Index

VW TRIVIA

- By Herschel D. -

APRIL’S – ANSWERS

  1. The VW bumpers of 1938 – mid’49 were nicknamed "banana" after their banana peel shape.

  2. The type numbers assigned to the various VW models are based upon the floor pan they use. The Beetle is Type 1, but so is the Karmann Ghia because it uses a widened Beetle pan
    The Type 181 "Thing" is a type 1, too because it uses a revised Karmann Ghia pan. The Type 2 Bus and type 3s and 4s, all have their own pan designs.

  3. The accessory dashboard mount flower vase was, indeed, available at VW dealerships.

  4. Although apparently seldom bought, VW offered an accessory fuel gage right from the 40s on up. The earliest ones were Swiss made.

  5. "Bremsen" means brakes in German.

  6. Around 1965 VW supplied their own ignition distributor design on their cars during a dispute with Bosch. My car was one of those.

MAY’S - New Questions

  1. What does "fussbremse" mean in German?

  2. In what model year did the Beetle get a plug for electronic diagnostic testing?

  3. Ture or False.
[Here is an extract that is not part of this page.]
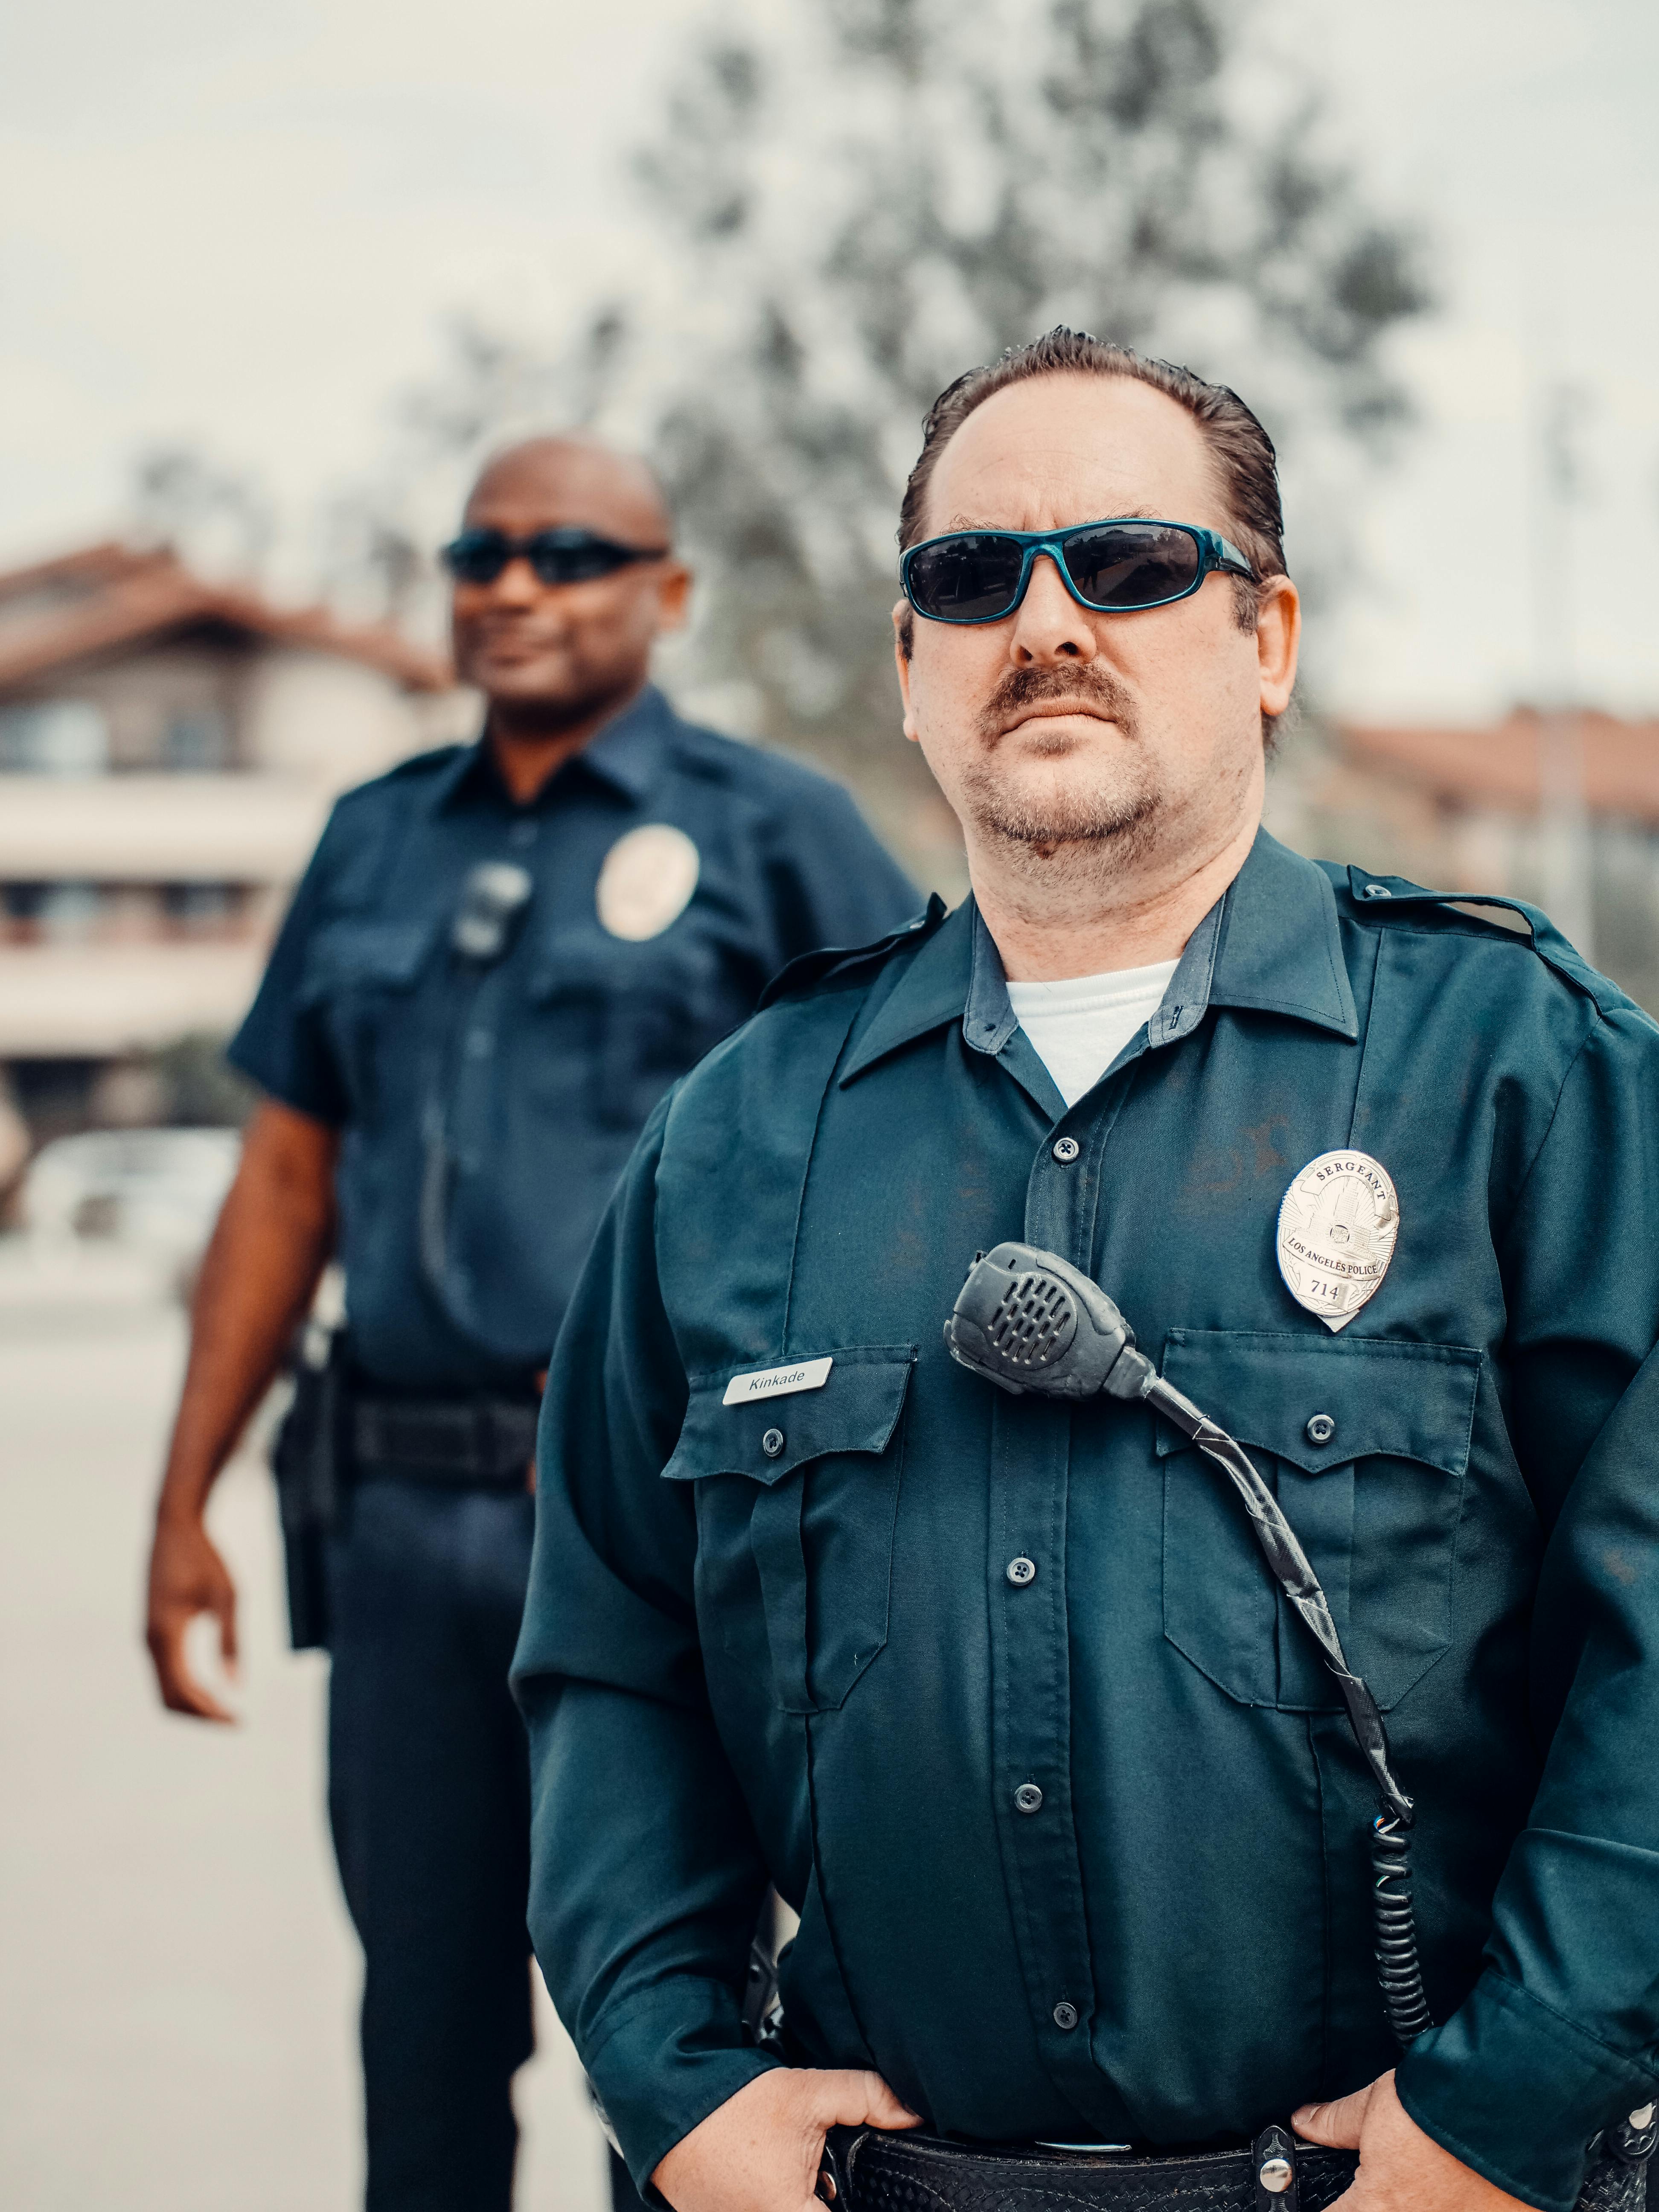 Ein düster aussehender Polizist steht hinter einem Kollegen | Quelle: Pexels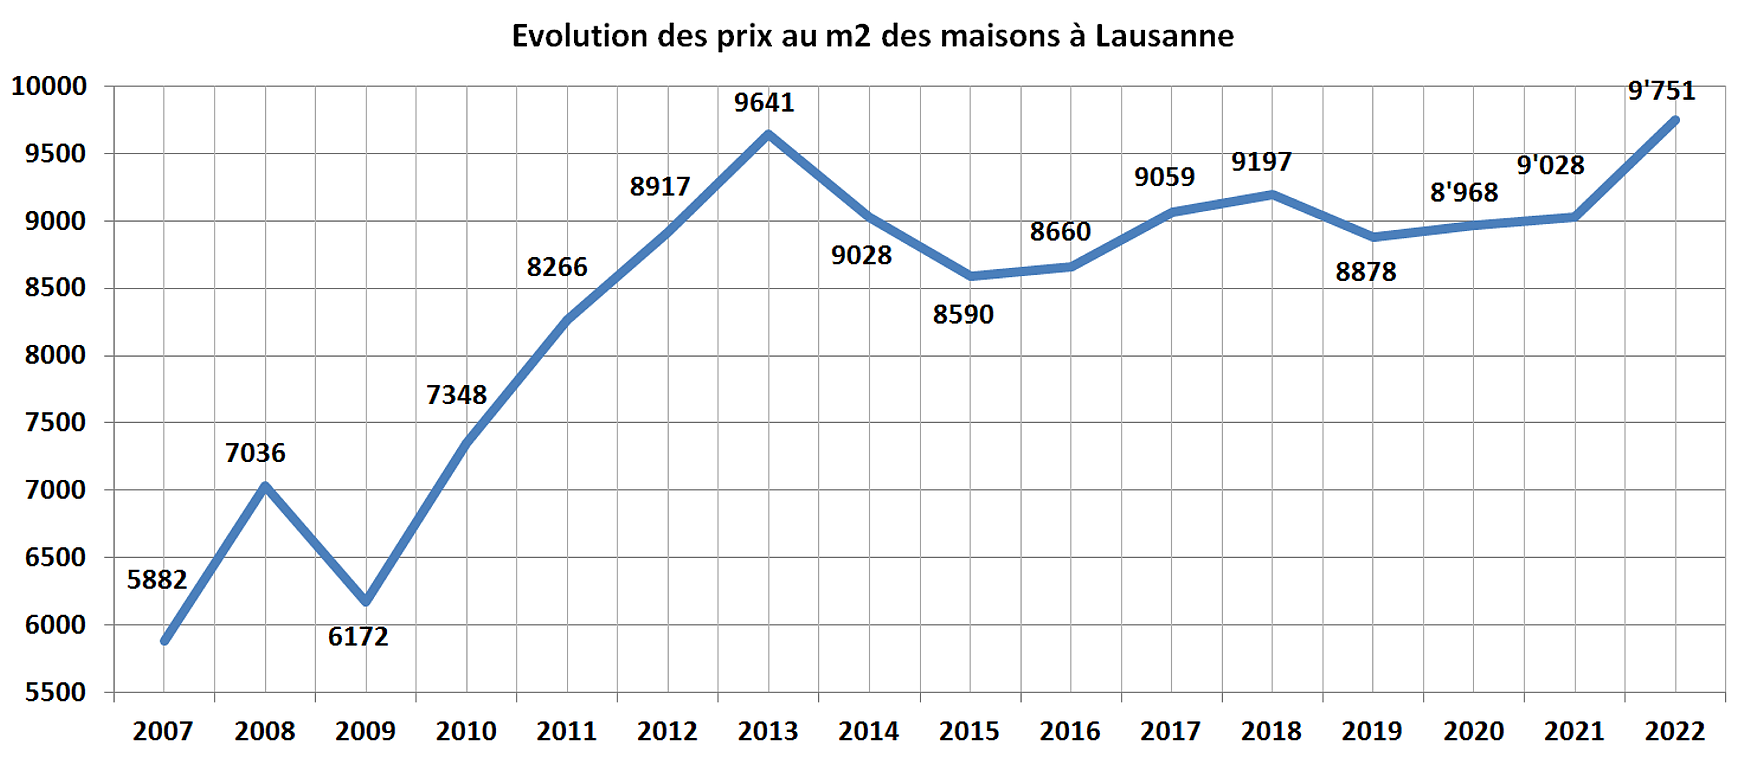 evolution prix m2 maison lausanne 2022

Bright yellow paint was available for the Beetle from 1960 on.

  4. In the early 30s, before Hitler assigned the Peoples car design project to Ferdinand Porsche and his team, Porsche’s small car efforts were not yet referred to as a "Volkswagen." What did they call it?

  5. What color were the first Volkswagen, prototype, the V3, painted?

  6. How long was the production run of the Type 4

  • Answers next month – Herschel

P.S. In last month’s March answer #1, the spelling should have been "rahmen." In my recent carburetor icing article, when I advised that 91% rubbing alcohol cold clear up SEVERE water contamination, I hope you realize that I wasn’t saying to drive with it in there! It is best to only use it during a STATIONARY wide throttle run-out (with you right there to quickly release that propped-open throttle when it suddenly speeds up from being clear of the water). Alcohol settles to the bottom of the tank and it could become a case of the cure being worse than the disease, then.